A group of heavy black howler monkeys clustered on the roof of the opera house. Their growling and grunting had suddenly stopped, and an eerie silence seeped into the air. In the plaza below, a lone human stood among the bursting saplings and greenery, its exuberant jungle energy straining against paving stones and inexorably buckling concrete and asphalt.
The facade of the once-great cultural monument inaugurated to great fanfare in 1897 with money from wealthy rubber barons in what was then to be the most important urban center in the region, and for many decades afterward, the gateway to the Brazilian Amazon, was now a scene reminiscent of one of the darker chapters of Edgar H. Sullivan’s literary masterpiece The Lost Civilizations. Bright green vines snaked wildly across tiled floors and reached up to strangle pillars and columns, filling in arches. Here and there, the stained glass had broken where a branch had poked through a window and at night, fruit bats swarmed out into the cool, moist air, to hunt for insects in the abandoned mass of glass and concrete that was once Manaus.

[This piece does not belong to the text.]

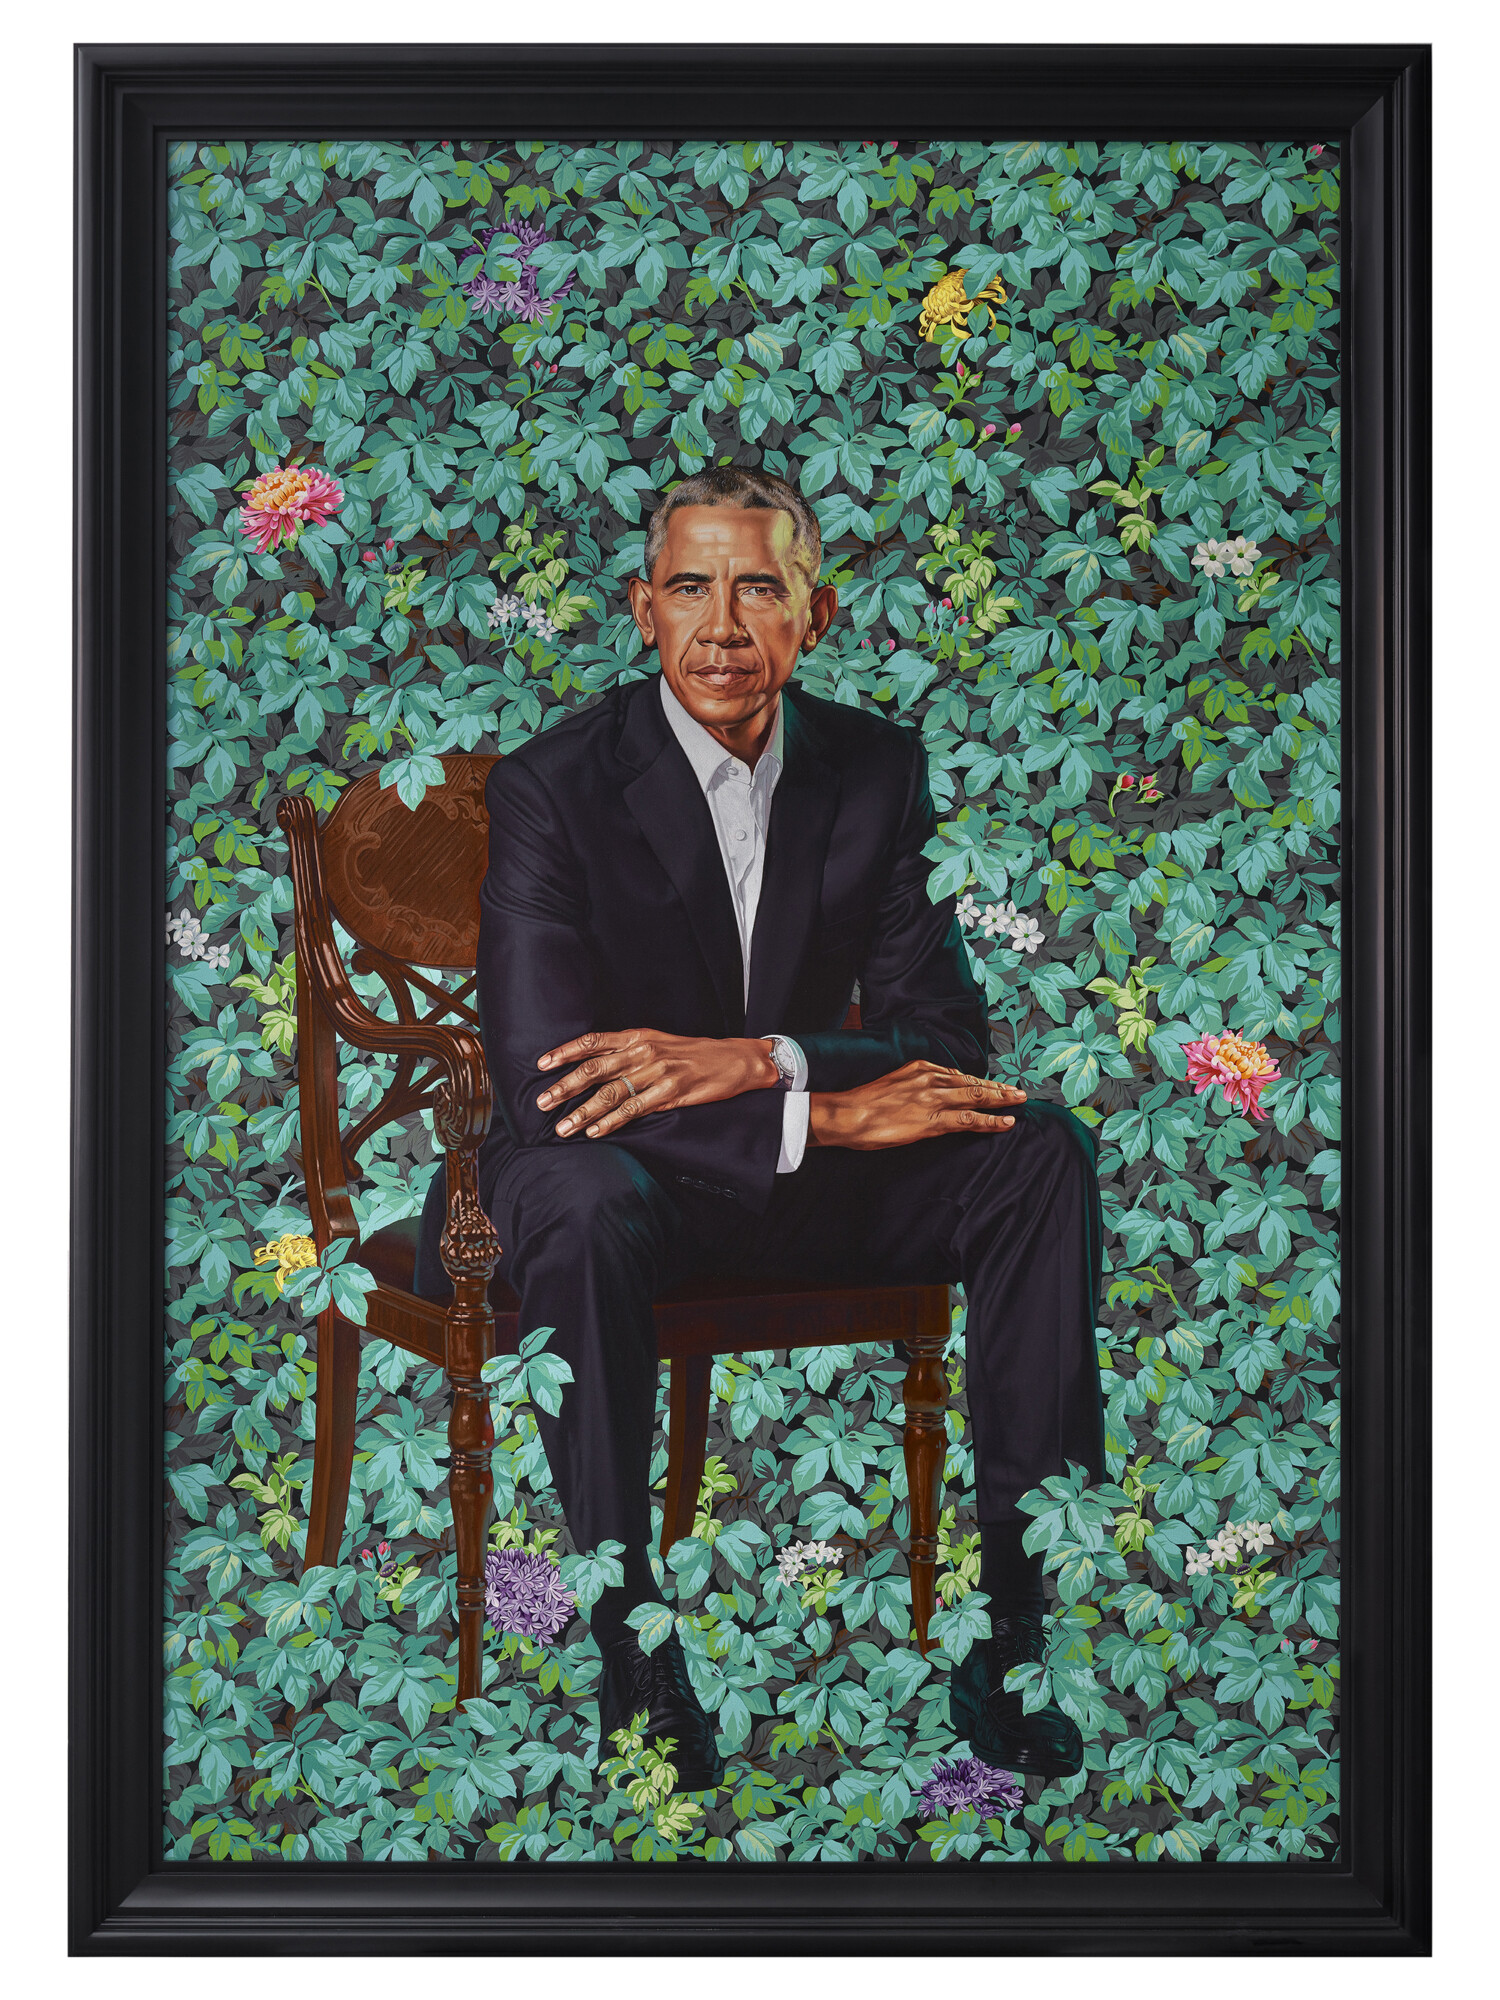 kehindewiley_Official_Portrait_of_President_Barack_Obama_Barack_Obama

Back in the plaza, the man – the human the apes had noticed, was a man – stood marveling at the steaming mass of plants that were obviously thriving thanks to the extended absence of human feet. Of the famous Abertura dos Portos monument placed in the middle of this space, only the outstretched arm of a bronze woman holding a torch – upon which now perched an indifferent black vulture – could be seen through the tangle of green. The undulating, epilepsy-inducing black and white tile plaza floor was buried under decomposing leaves and marching ants. The scene was peaceful yet somehow menacing at the same time.
The man wiped his forehead and, swinging the machete, began to hack his way towards what used to be the grand staircase leading up to the entrance of the grand building.
He had always wanted to go to the theater and this seemed a good a time as any.